И даже бесстрашная миссис Тирни откидывалась на спинку стула с искренним изумлением, когда мать Салли рассказывала, как «сумела за себя постоять»: когда мясник придерживал пальцем чашу весов, или когда вода в доме вместо горячей шла тепловатая, или когда страховой агент забывал делать верные пометки.
– Ты за себя постояла, – говорила тогда изумленно, восхищенно и гордо миссис Тирни, а мать Салли, воплощение силы и уверенности, подтверждала:
– Вот уж точно.
Мать с дочерью все еще спали в одной постели, как привыкли с самого рождения Салли. Они просыпались вместе и сразу после рассвета вместе спускались по лестнице. Ранние утренние прогулки с миссис Тирни закончились, когда дети пошли в школу, но Энни так сильно привыкла к заведенному порядку, что по утрам она обычно заглядывала повидаться с подругой. Пусть та и меняла квартиру за квартирой, шестеро детей Тирни подрастали настолько быстро, что новая почти сразу оказывалась тесной. Как всегда, у Лиз Тирни царил веселый хаос и беспорядок. Потом Салли вместе с выводком Тирни отправлялась в школу, а в пять минут четвертого девочка уже спускалась в подвал, размахивая ранцем, спеша рассказать, что случилось сегодня. В конце дня мать и дочь возвращались в сумерках домой под зорким взглядом миссис Гертлер, чтобы сесть за скромный ужин в столовой. Потом уборка и час на диване: Энни – с шитьем под звуки радио, Салли – с книжкой, газетой или, если в газете скверные новости, а день выдался хмурый, с молитвенником и четками. Молитвы они читали попеременно.

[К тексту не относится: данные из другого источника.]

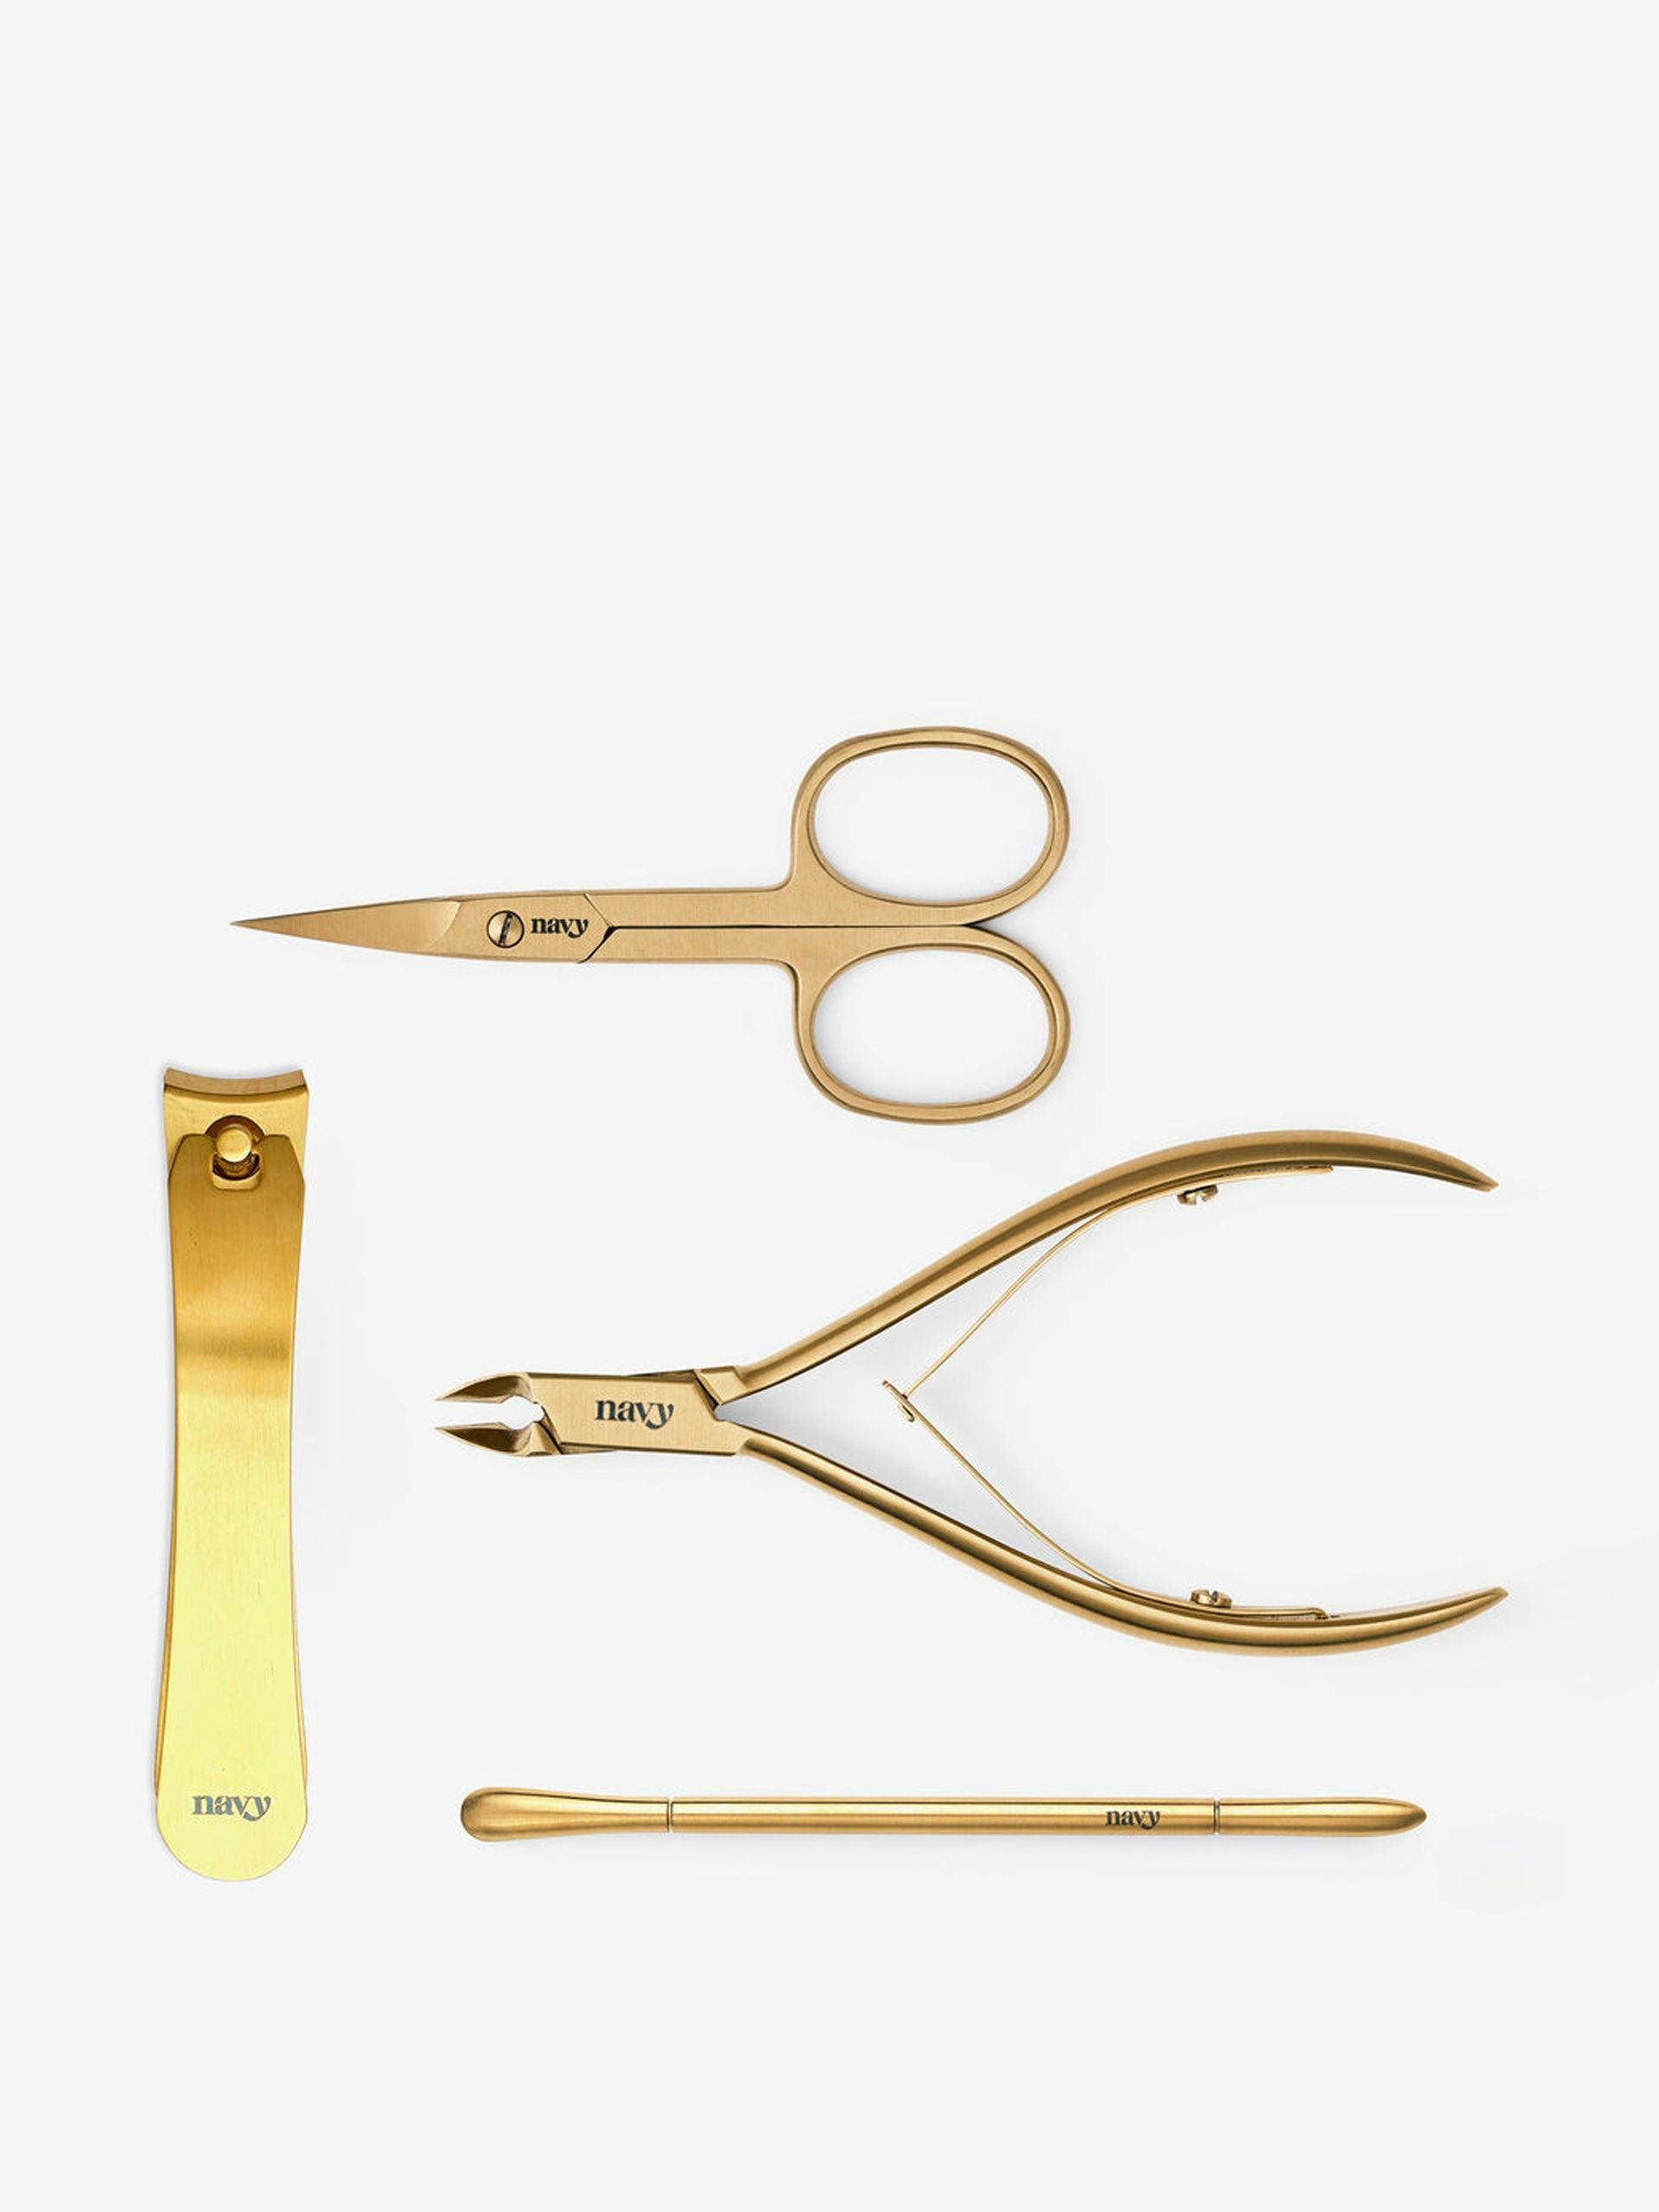 Basic nail kit

Раз разом повторяя молитвы, мать и дочь произносили их неизменно ясно и громко, словно их мог услышать кто-то в соседней комнате.
Они гасили свет, проверяли плиту. Зимой Энни вставала на стул, чтобы плотно закрыть фрамугу над дверью. Летом она вставала на стул, чтобы ее открыть. Мать и дочь раздевались одновременно (давно установленный порядок устранял любую неловкость, хотя они тактично отворачивались, надевая ночные рубашки), потом ложились в кровать, Энни – всегда на сторону Джима. Они держались за руки под одеялом или просто касались кончиками пальцев плеча или локтя. Шепот в темноте: не забыть про квартплату, подумать о тех платьях из корзины пожертвований – скорее всего они подойдут близняшкам Тирни, подать десятицентовик на заграничную миссию, штопальные нитки для чулок сестер, не забыть, что завтра первая пятница, а значит – никакого завтрака.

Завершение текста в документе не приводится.